**Action item**
Of the lines in the data below, write out exactly those from the one holding "Wallpaper swatch in" through the one holding "The multi colored, vintage", both included.
───── Material supplied
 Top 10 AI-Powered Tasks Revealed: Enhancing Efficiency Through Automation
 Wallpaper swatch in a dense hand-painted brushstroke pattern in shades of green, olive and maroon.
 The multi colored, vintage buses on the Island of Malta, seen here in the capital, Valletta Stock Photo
──────────
───── Material supplied
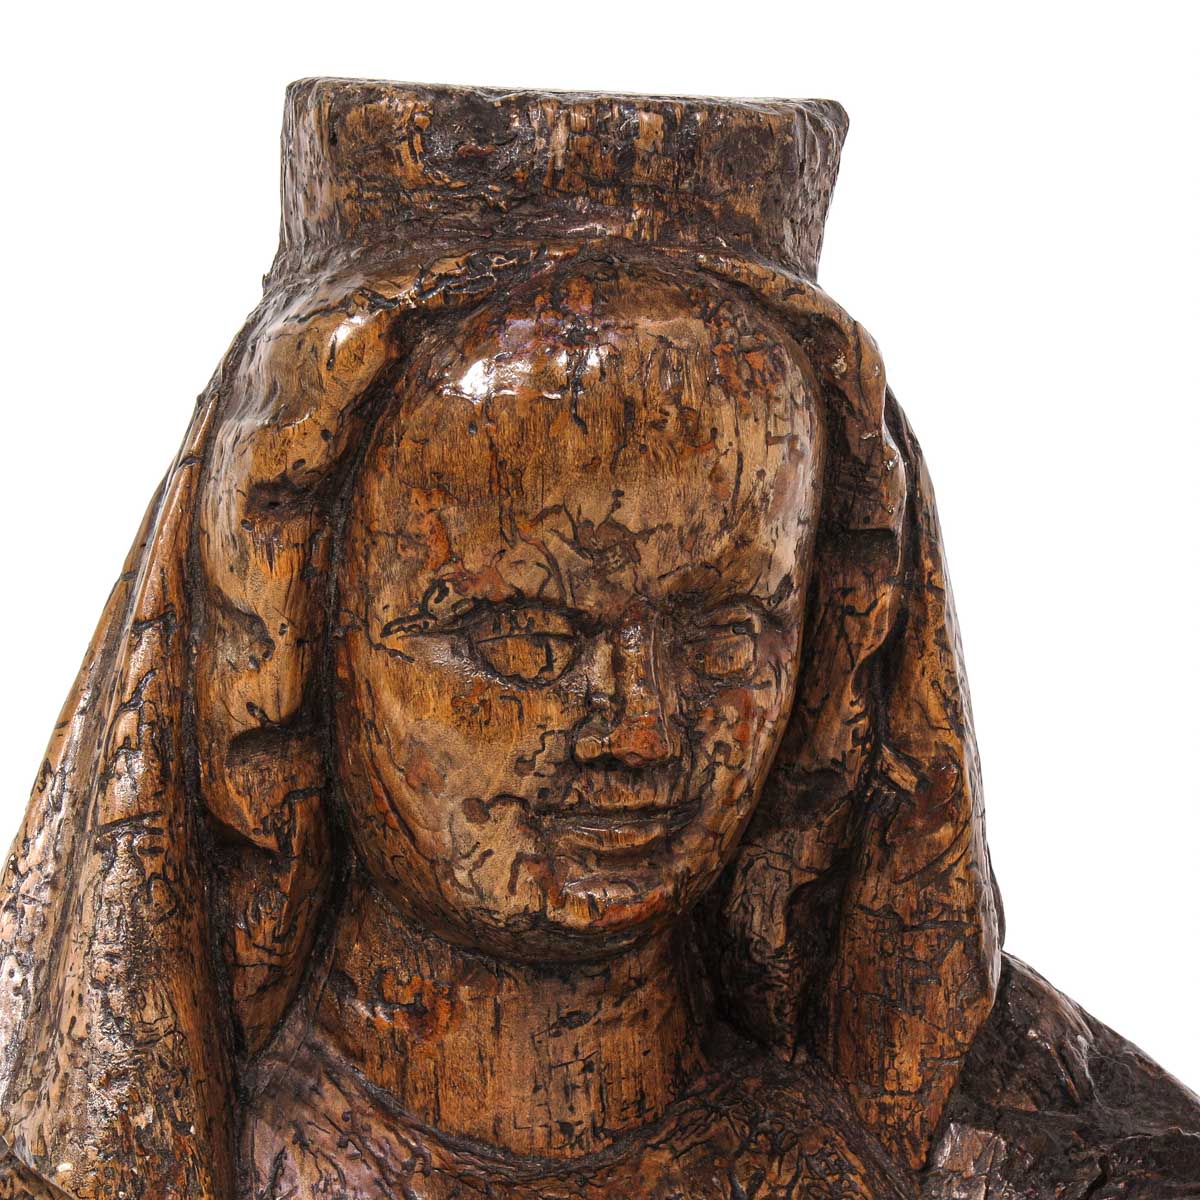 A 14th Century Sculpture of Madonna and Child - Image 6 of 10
──────────
───── Material supplied
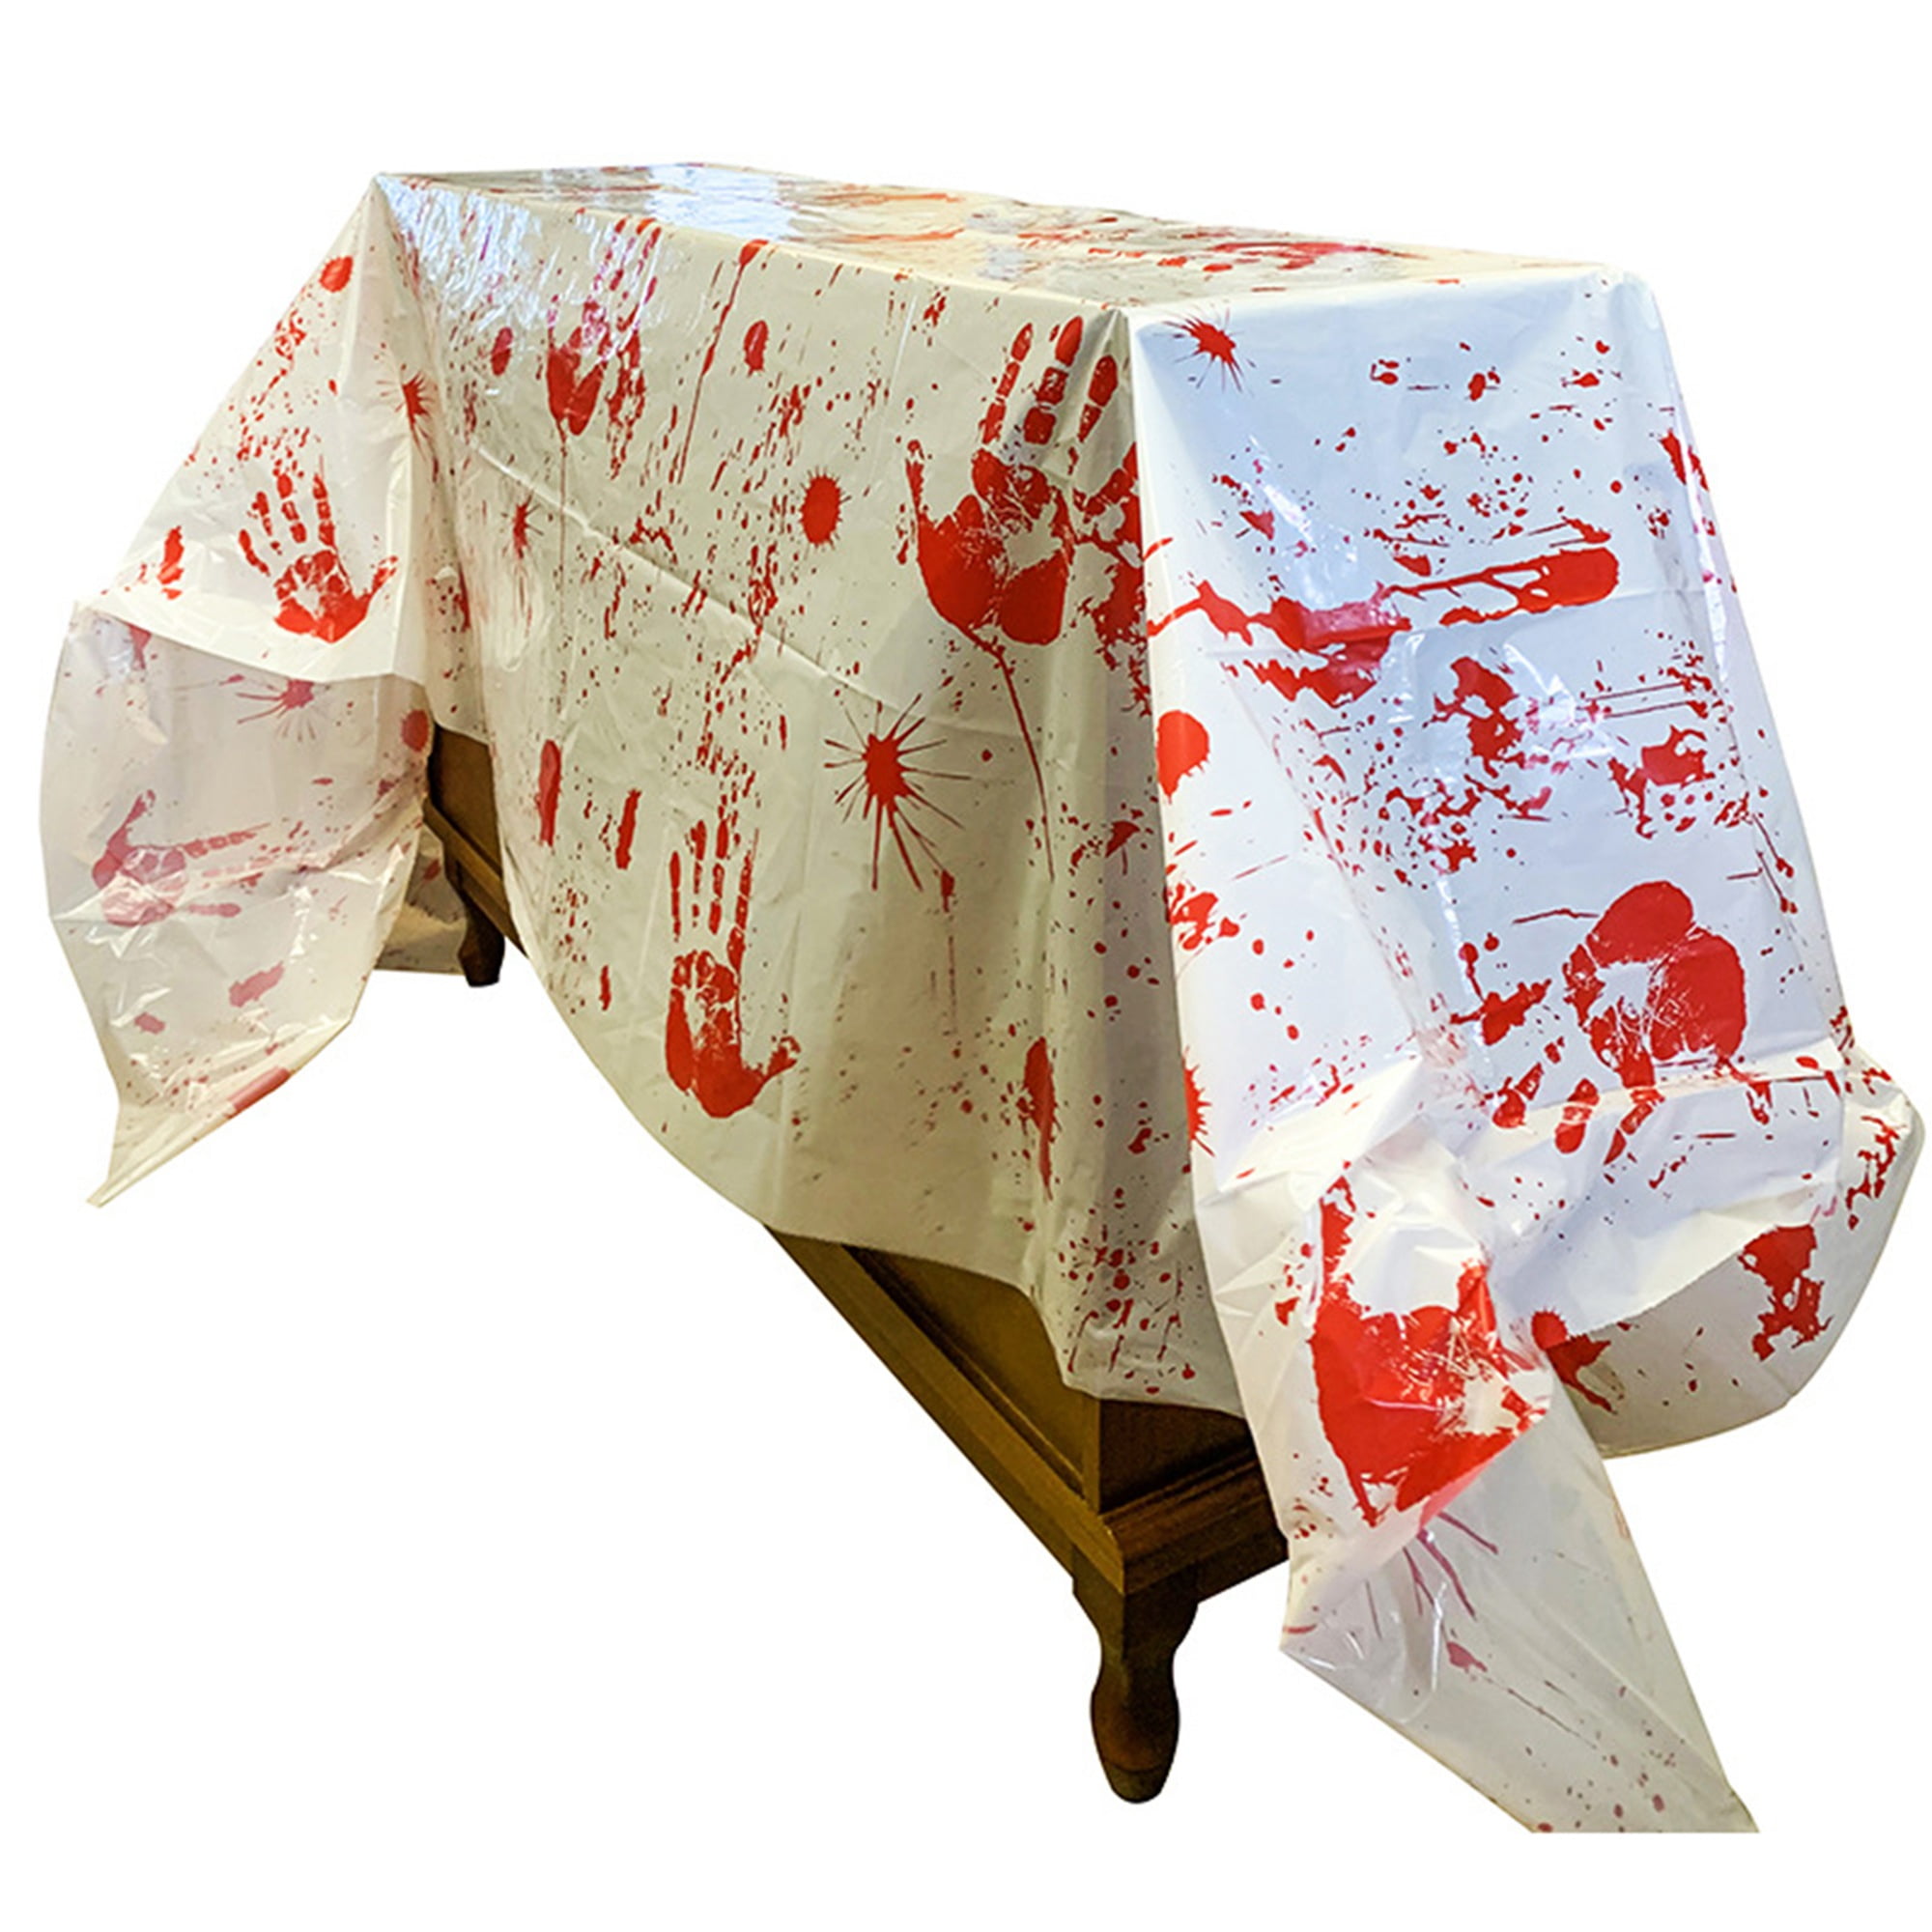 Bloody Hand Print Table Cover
──────────
**Task output**
 Wallpaper swatch in a dense hand-painted brushstroke pattern in shades of green, olive and maroon.
 The multi colored, vintage buses on the Island of Malta, seen here in the capital, Valletta Stock Photo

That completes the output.